Researchers create an artificial dog dataset in GTA-V to create 3D models

Researchers on the University of Surrey have developed a way to convert photos of dogs into detailed 3D models.

The training material? Not real dogs, but computer-generated images from the virtual world of the hit game Grand Theft Auto V (GTA V).

Moira Shooter, a doctoral student involved within the study, shared by the study“Our model was trained on CGI dogs – but we were in a position to use it to create 3D skeletal models from photos of real animals. This could enable conservationists to discover injured wildlife or help artists create more realistic animals within the metaverse.”

Previous methods of teaching AI 3D structures include using real photos alongside data in regards to the objects’ actual 3D positions, often obtained through motion capture technology.

However, when these techniques are applied to dogs or other animals, there is commonly an excessive amount of movement to trace and it’s difficult to get dogs to behave long enough.

To create their dog dataset, the researchers modified GTA V’s code to interchange the human characters with canine avatars through a process generally known as “modding.”

Examples from the synthetic dog dataset generated with GTA-V. Source: University of Surrey.

The researchers produced 118 videos that recorded these virtual dogs performing various actions—sitting, walking, barking, and running—under different environmental conditions.

This culminated within the creation of “DigiDogs,” a large database of 27,900 images of dog movements captured in ways that may not have been possible with real-world data collection.

With the dataset in hand, the subsequent steps leveraged Meta’s DINOv2 AI model for its strong generalization capabilities and optimized it with DigiDogs to accurately predict 3D poses from single-view RGB images.

The researchers showed that using the DigiDogs dataset for training resulted in additional accurate and lifelike 3D dog poses than those trained on real-world datasets attributable to the range of dog appearances and actions captured.

The improved performance of the model was confirmed by thorough qualitative and quantitative evaluations.

AI dogs — Models trained on the DigiDogs synthetic dataset showed higher accuracy in comparison with models trained only on the true RGBD-Dogs dataset. You can see this here when you look closely at the expected mappings (in pink) in comparison with the bottom truth (in green) improved on the correct. Source: University of Surrey.

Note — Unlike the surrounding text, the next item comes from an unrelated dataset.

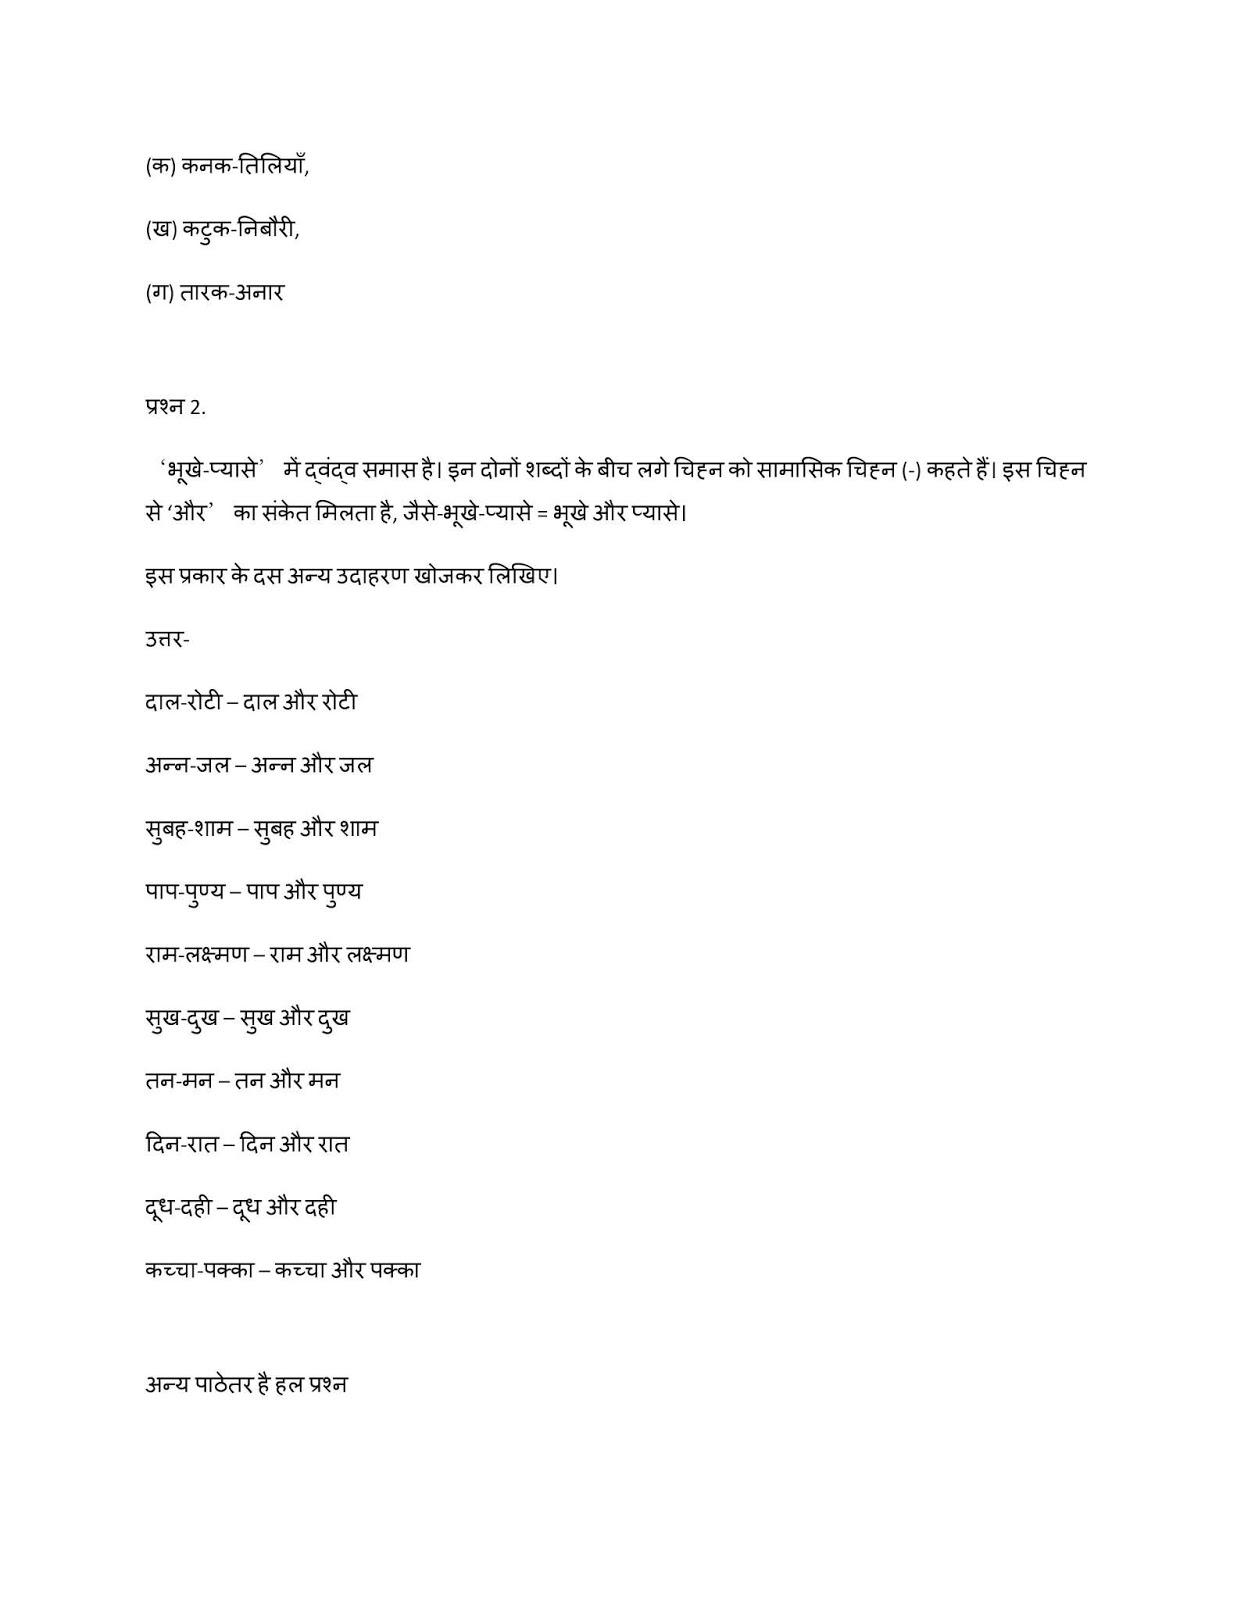 NCERT Solution For Class 7 Hindi Chapter 1 हम पंछी

Although this study represented a significant advance in 3D animal modeling, the team admits that there continues to be a whole lot of work to be done, particularly in improving the best way the model predicts the depth aspect of the pictures (the Z coordinate).

Shooter described the potential impact of her work: “3D poses contain so rather more information than 2D photos. From ecology to animation, this neat solution has so many uses.”

The Paper won one of the best paper award on the IEEE/CVF Winter Conference on Applications of Computer Vision.

It opens the door to higher model performance in areas comparable to wildlife conservation and 3D object rendering for VR.